As he often does, Loach chooses little-known or nonprofessional actors who are allowed some improvisation, giving the film an agreeably rough-hewn, casual feel. There are many individual scenes that work beautifully, even if Loach can’t quite figure out how to string them together. A flashback to the younger Eric and Lily falling in love as they dance to ‘50s rock ’n’ roll could easily have read as generic schmaltz, but it’s curiously powerful, perhaps because the young actors playing the lovers seem less exhilarated than awed by the force of their mutual attraction.

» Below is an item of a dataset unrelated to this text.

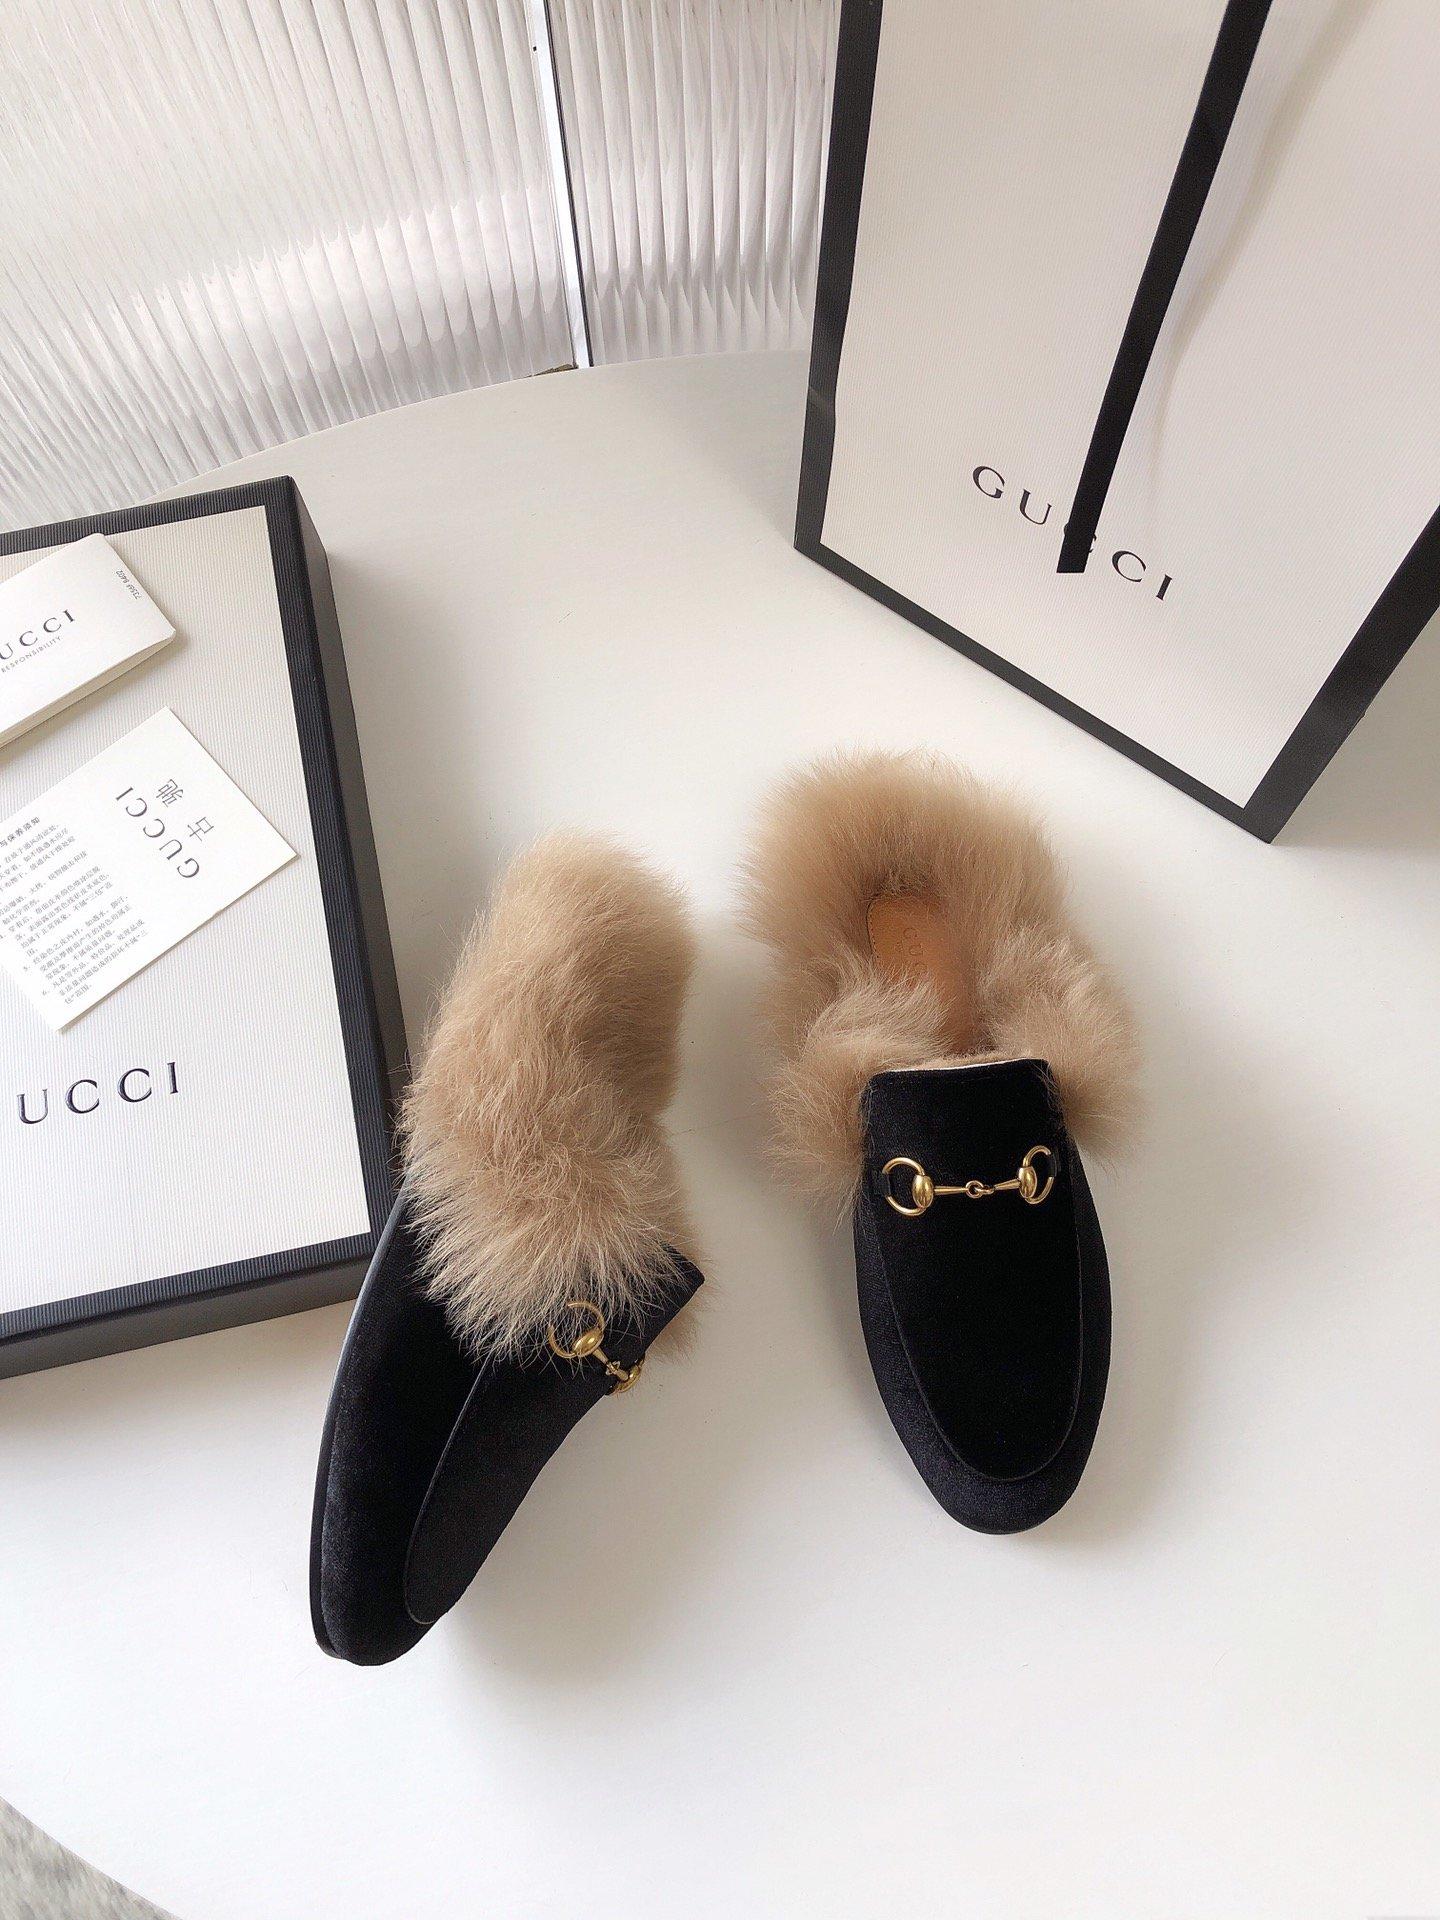 Gucci古奇 羔羊毛穆勒鞋高密度天鹅绒(图6)

At its worst, Looking for Eric can be suffocatingly quirky, like when Cantona produces a trumpet out of nowhere and begins to play “La Marseillaise.”  (There needs to be a mashup made of movies in which a character suddenly reveals his or her ability to play some kind of horn.) And I wish I knew what Loach ultimately thinks about the role of sports (or other mass entertainments) as fantasy fodder for the working class. In one scene, Eric takes away his do-nothing stepsons’ TV as they howl in protest, implying a critique of mass-market escapism. But where else would Eric watch his beloved Manchester United games if not on television?